I'm new to see and just experimenting some function of it. I came across calloc() function.
I wonder why the whole variable printed, is not same as each of the indexes . shouldn't the variable value be 0?
#include "stdio.h"
#include "stdlib.h"
int main()
{
int *array;
array = calloc(100,sizeof(int));
printf("%d\n",array);
for(int i = 0 ; i<sizeof(array);i++)
{
printf("%d\n", array[i]);
}
free(array);
}
and the output is
-1300734400
0
0
0
0
0
0
0
0
I expected that the value printed in the printf("%d\n",array); would be zero
printf("%d\n",array); This is wrong, you are printing the address of the array, not the contents.
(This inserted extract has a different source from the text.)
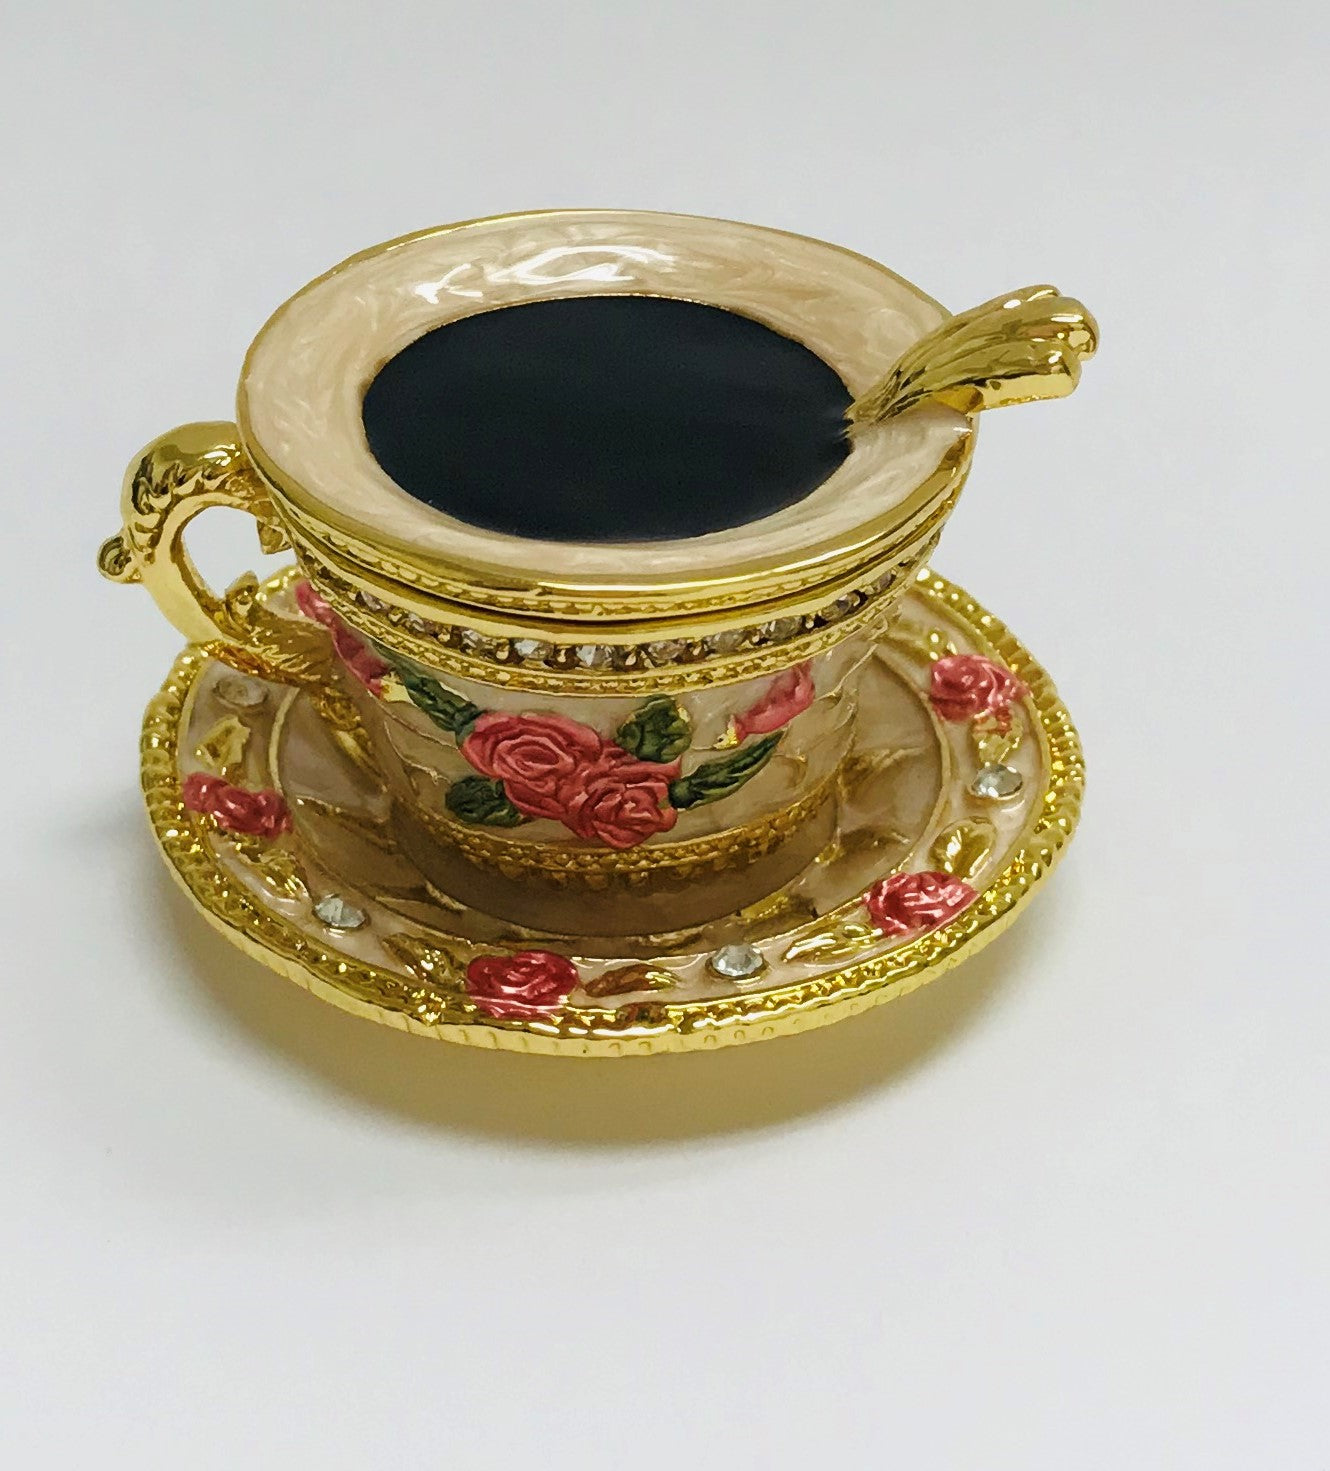 Cristiani Collezione Tea time Cup Trinket Box.
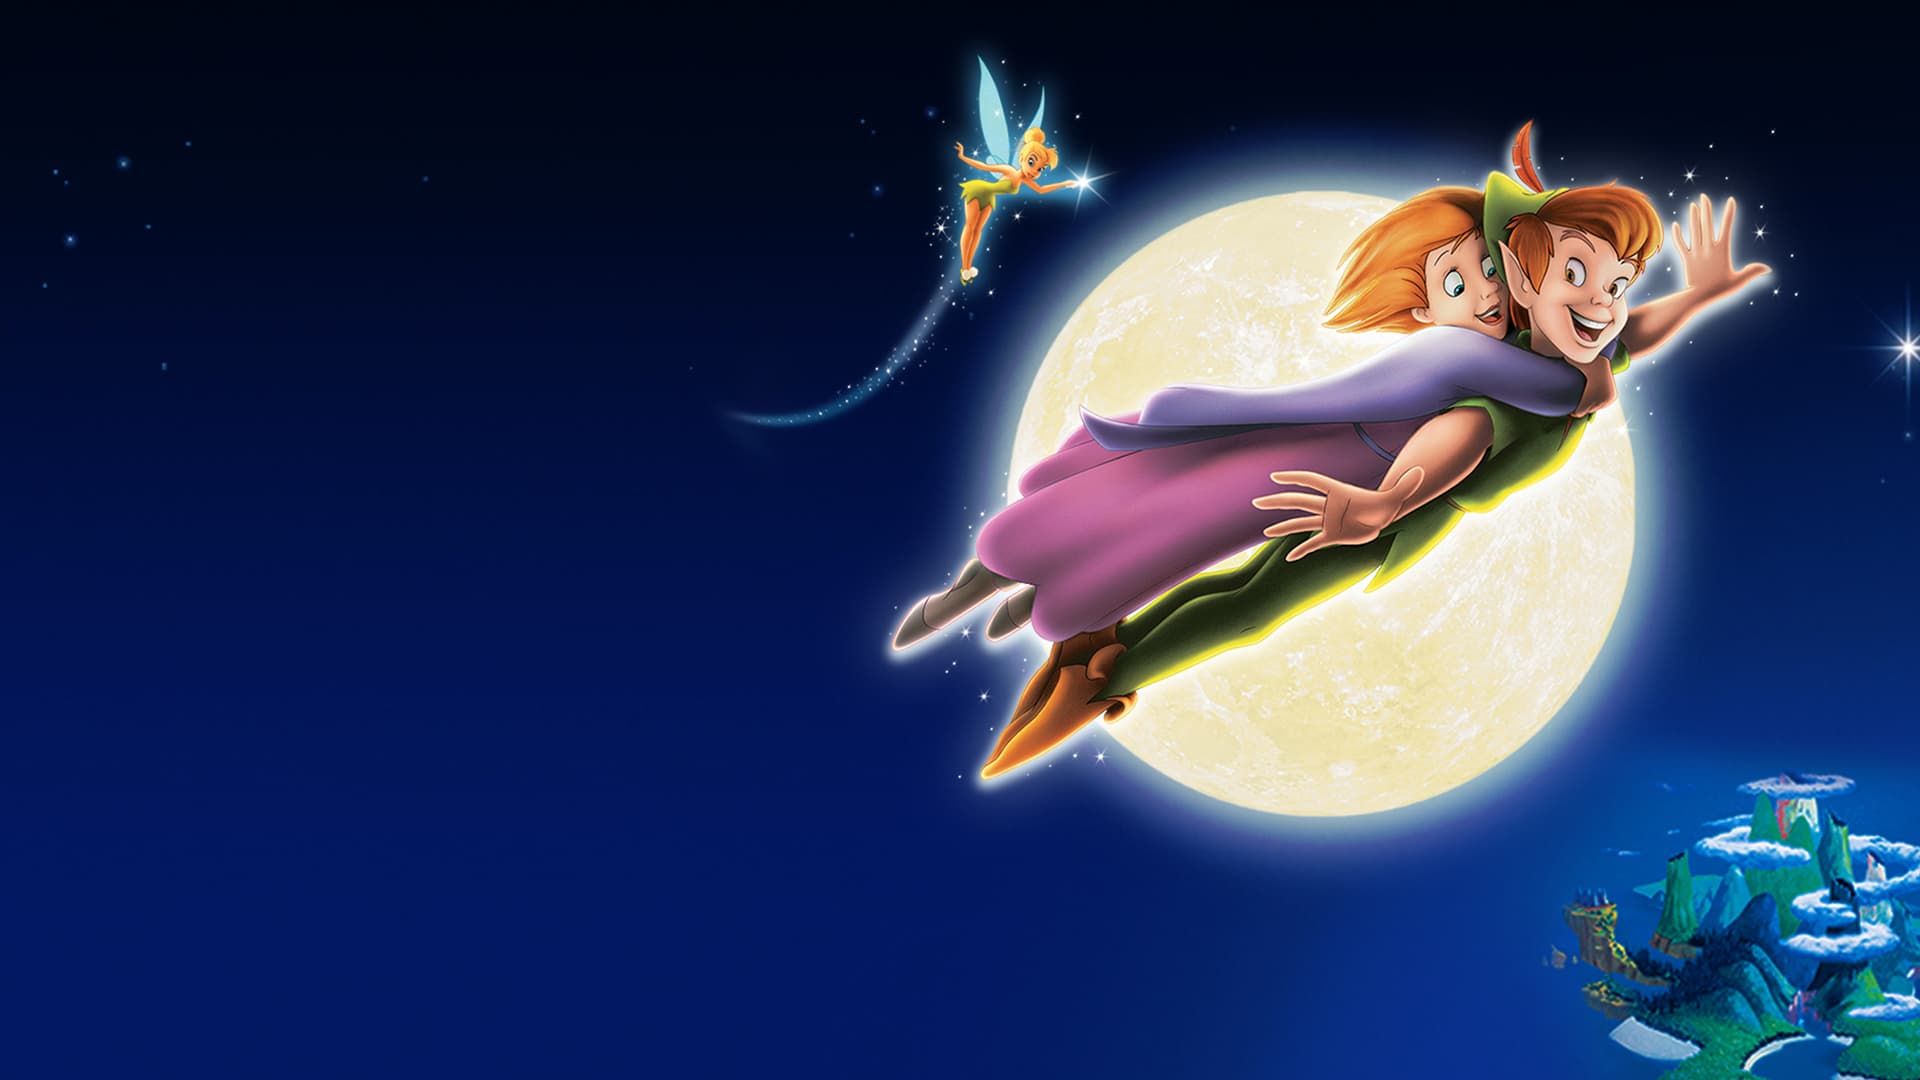 Disney's Peter Pan: Return to Never Land

In case you mean to actually print the address, you should use %p and also cast the pointer to (void*).
i<sizeof(array) This is wrong.
For a normal array, sizeof gives the size in bytes but array[i] assumes int item number i, not a byte. To get the number of items of an array, you must do sizeof(array)/sizeof(*array).
However you don't actually have an array here but a pointer to the first element. So you can't use sizeof at all or you will get the size of the pointer! Typically 2 to 8 bytes depending on system.
#include "stdio.h" When including standard library headers, you should use <stdio.h>. The " " syntax is for user-defined headers.